🤖 AI Summary
This paper addresses the critical issue of large language models (LLMs) overlooking open-source license information during code generation, thereby introducing intellectual property risks. To this end, we introduce LiCoEval—the first benchmark explicitly designed to evaluate LLMs’ compliance with software licensing requirements. Methodologically, we empirically define “high code similarity” using Jaccard similarity and AST-based clone detection, then integrate license metadata parsing, manual verification, and statistical analysis to systematically assess LLMs’ accuracy in attributing copyleft licenses when generating highly similar code. Our key contributions are: (1) the first LLM evaluation framework dedicated to open-source license compliance; and (2) an empirical finding that, across 14 state-of-the-art models, although only 0.88%–2.01% of generated code exhibits high similarity to licensed code, over 90% of such cases fail to correctly attribute the corresponding copyleft license—revealing a severe and widespread compliance gap.
📝 Abstract
Recent advances in Large Language Models (LLMs) have revolutionized code generation, leading to widespread adoption of AI coding tools by developers. However, LLMs can generate license-protected code without providing the necessary license information, leading to potential intellectual property violations during software production. This paper addresses the critical, yet underexplored, issue of license compliance in LLM-generated code by establishing a benchmark to evaluate the ability of LLMs to provide accurate license information for their generated code. To establish this benchmark, we conduct an empirical study to identify a reasonable standard for"striking similarity"that excludes the possibility of independent creation, indicating a copy relationship between the LLM output and certain open-source code.

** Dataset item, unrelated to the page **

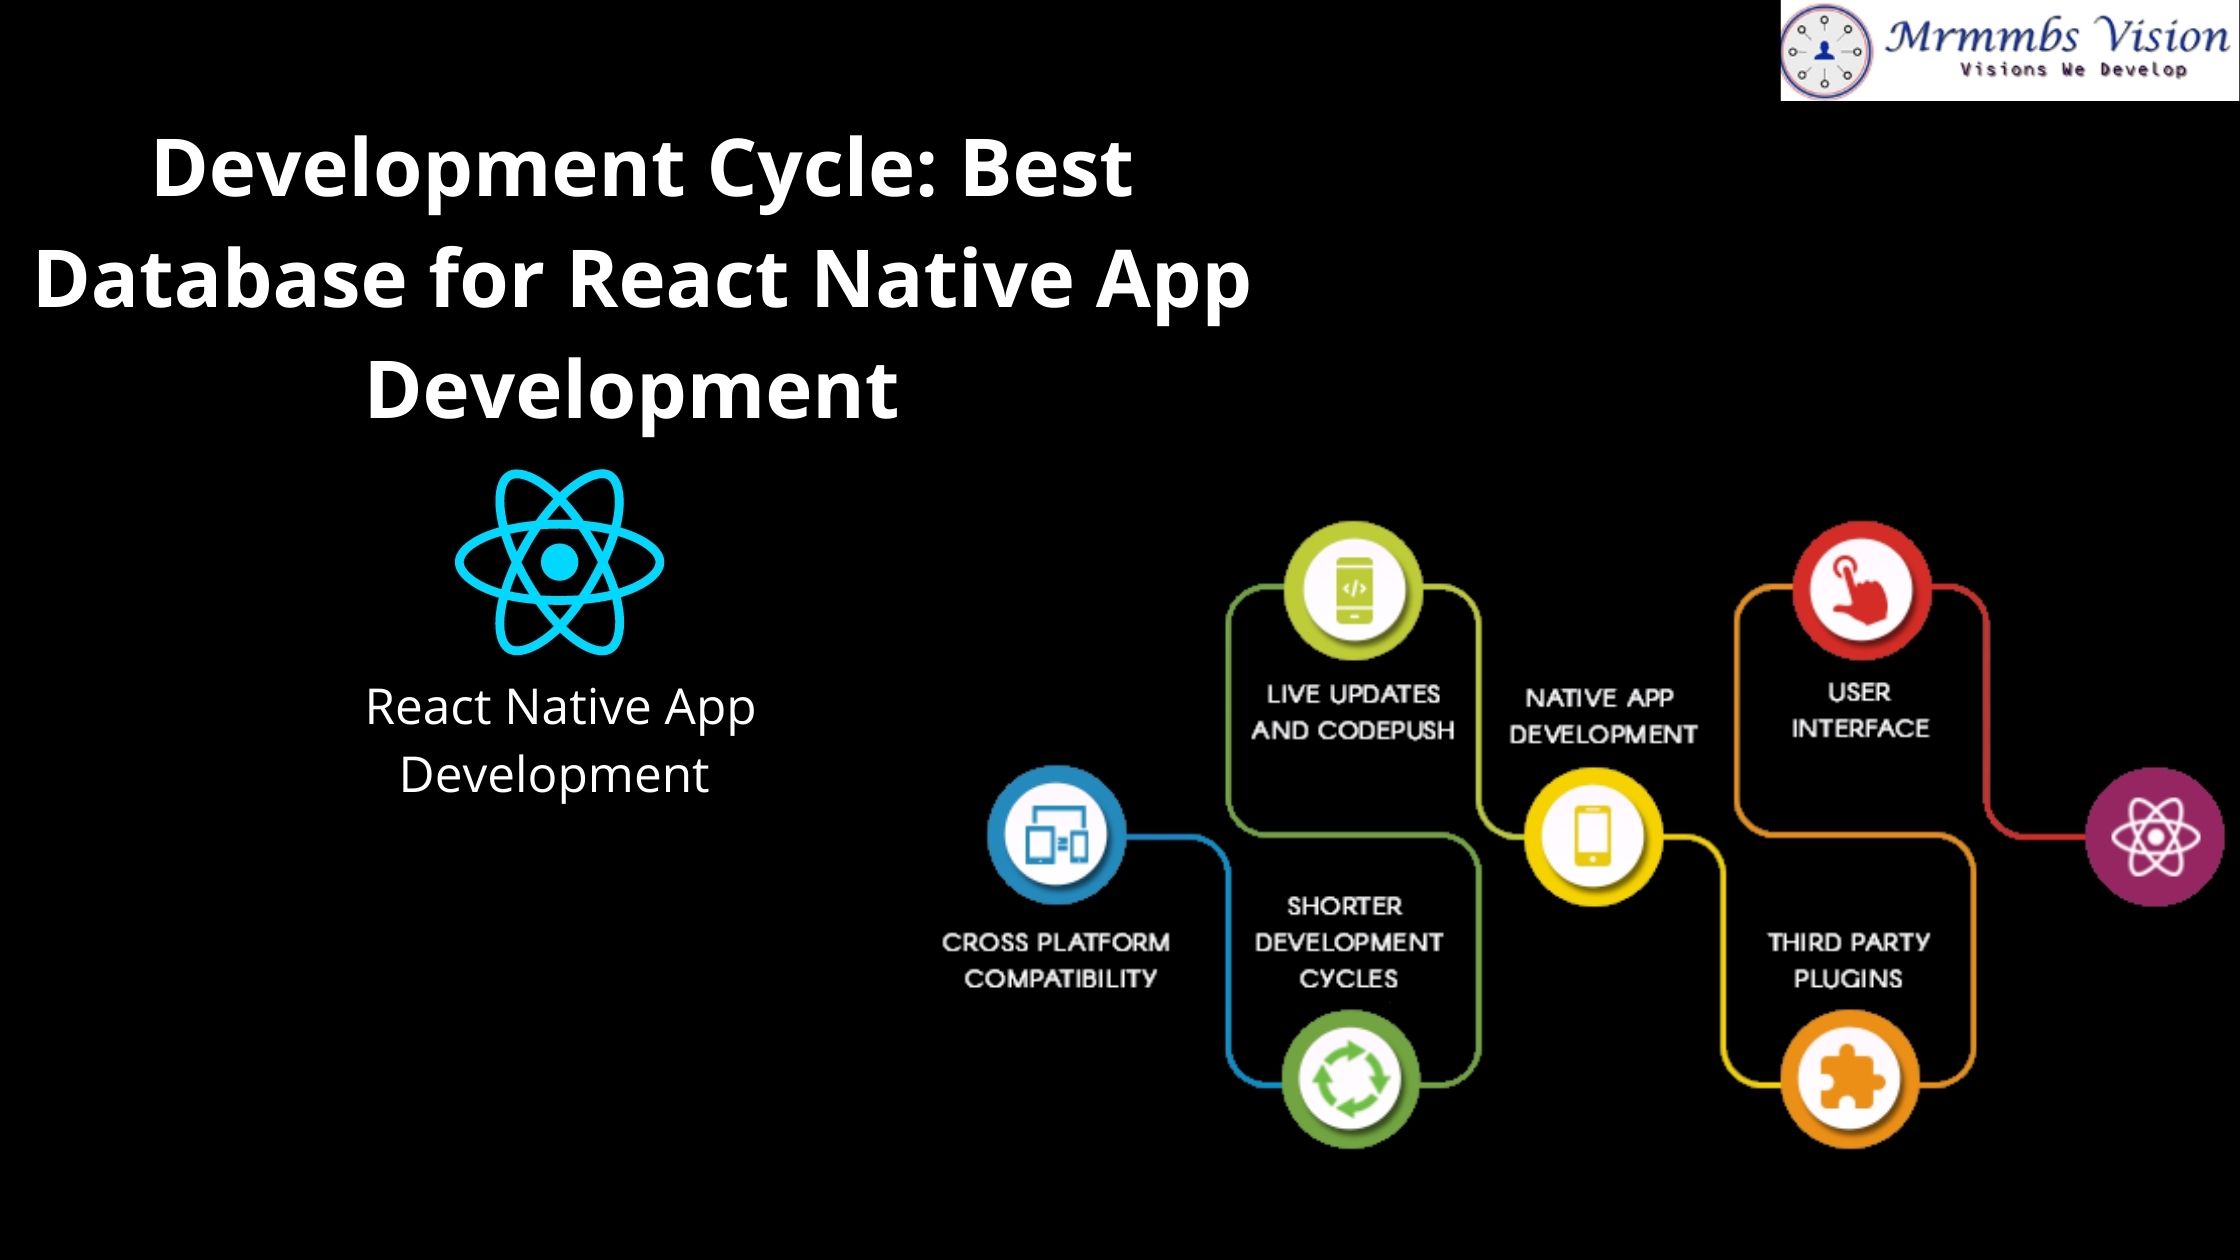 Development Cycle: Best Database for React Native App Development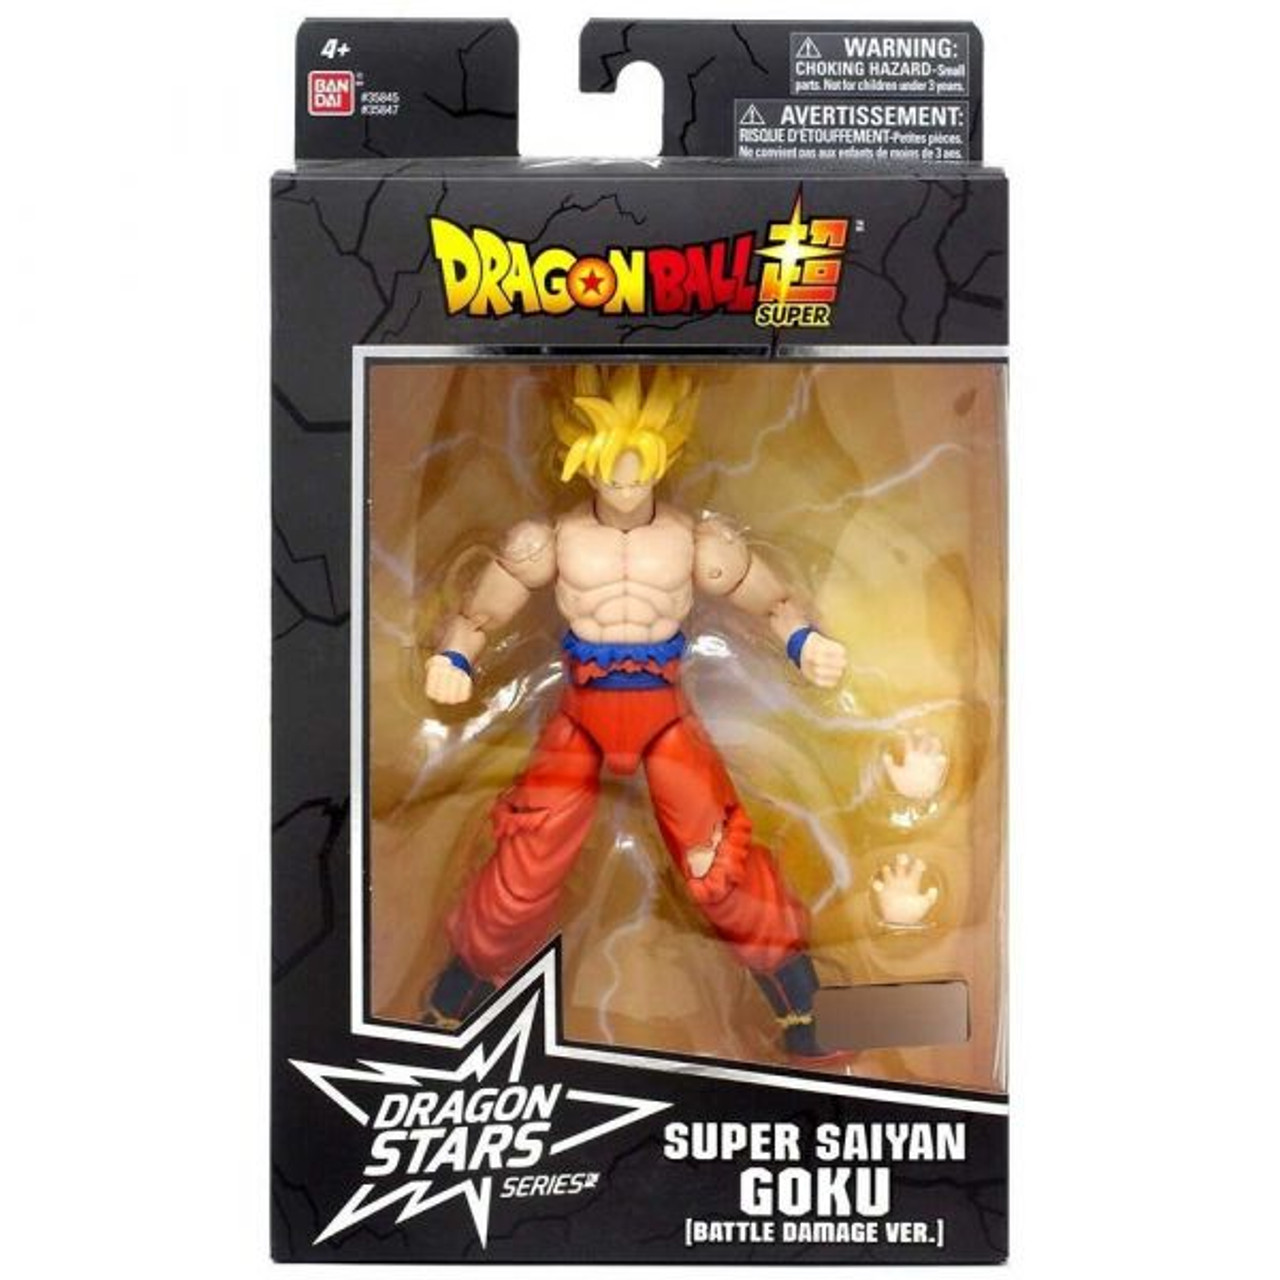 Dragon Ball Super - Dragon Stars Super Saiyan Goku Battle Damaged Version  (Gamestop exclusive) action figure

Based on this standard, we propose LiCoEval, to evaluate the license compliance capabilities of LLMs, i.e., the ability to provide accurate license or copyright information when they generate code with striking similarity to already existing copyrighted code. Using LiCoEval, we evaluate 14 popular LLMs, finding that even top-performing LLMs produce a non-negligible proportion (0.88% to 2.01%) of code strikingly similar to existing open-source implementations. Notably, most LLMs fail to provide accurate license information, particularly for code under copyleft licenses. These findings underscore the urgent need to enhance LLM compliance capabilities in code generation tasks. Our study provides a foundation for future research and development to improve license compliance in AI-assisted software development, contributing to both the protection of open-source software copyrights and the mitigation of legal risks for LLM users.